Y le dio una tarjetita en la que estaba escrito su nombre y la dirección exacta de su apartamento.
Pasó el tiempo y Tino siguió teniendo problemas con los rinocerontes más presumidos de su generación, que continuaban rechazándolo por ser feo. Una tarde su abuela, al verlo triste, lo llevó hasta lo alto de una colina desde la que se divisaba todo el cráter del Ngorongoro, con sus bosques, sus praderas, sus charcas y sus riachuelos, y le explicó que el mundo era demasiado grande y demasiado hermoso como para preocuparse por los comentarios de la gente que se cree más guapa que tú. Esa misma noche, el joven rinoceronte decidió irse de viaje. Metió todas sus cosas en una gran mochila de color naranja y por la mañana, muy temprano, se despidió de sus padres y de sus abuelos, y se marchó.
Cuando llegó a Nueva York, Tino se sorprendió de ver a tanta gente y, sobre todo, de que todo el mundo fuera corriendo a todas partes. La Señora Malvarrosa lo recibió de maravilla en su apartamento, e incluso derribó algunos tabiques que no eran realmente necesarios para que pudiera moverse a sus anchas, porque había crecido una barbaridad desde la última vez que se habían visto.
Enseguida se hizo amigo de Burgui, la gata de la Señora Malvarrosa, que era pequeñaja, pero muy negra y muy peluda. Tino le habló de su hogar y le contó los problemillas que tenía con sus amigos por ser tan feo.
—Has venido al lugar adecuado —le dijo Burgui—. Aquí la gente está tan ocupada con sus cosas que nadie se fijará en si eres feo o guapo. Lo más probable es que ni siquiera se den cuenta de que eres un rinoceronte.
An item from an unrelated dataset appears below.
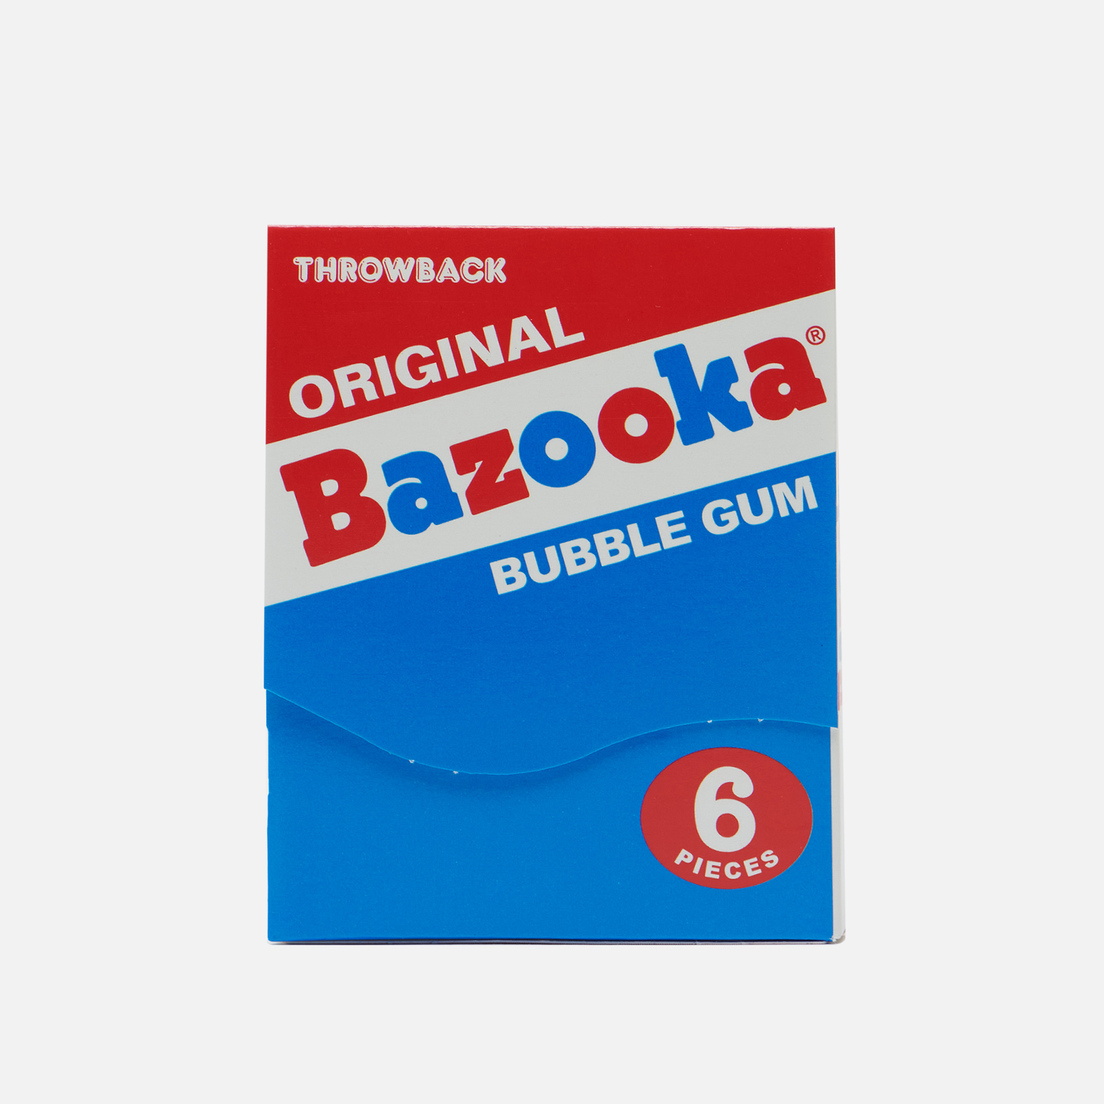 Throwback Жевательная резинка Bazooka Old School Original

Y así fue. Nadie reparó en el aspecto de Tino. Nadie lo excluyó por ser feo ni le dijo que daba mala suerte. Se lo pasó de maravilla paseando por las calles llenas de gente y de automóviles, visitando museos y asistiendo, en compañía de su anfitriona, a fiestas elegantísimas donde se bebía vino tinto y se recitaban poesías en inglés. Además, pudo cumplir su sueño de asistir a clases de arte dramático y, como era muy aplicado, enseguida hizo su debut como actor secundario en un musical titulado El rey león.
Cada día, al volver al apartamento, contaba sus aventuras a la Señora Malvarrosa y a Burgui. Muchas veces se encontraba a la gata durmiendo dentro de su gran mochila de color naranja, donde guardaba toda su ropa perfectamente ordenada. En una ocasión Tino le preguntó por qué se metía en la mochila y ella le dijo que era porque olía muy bien.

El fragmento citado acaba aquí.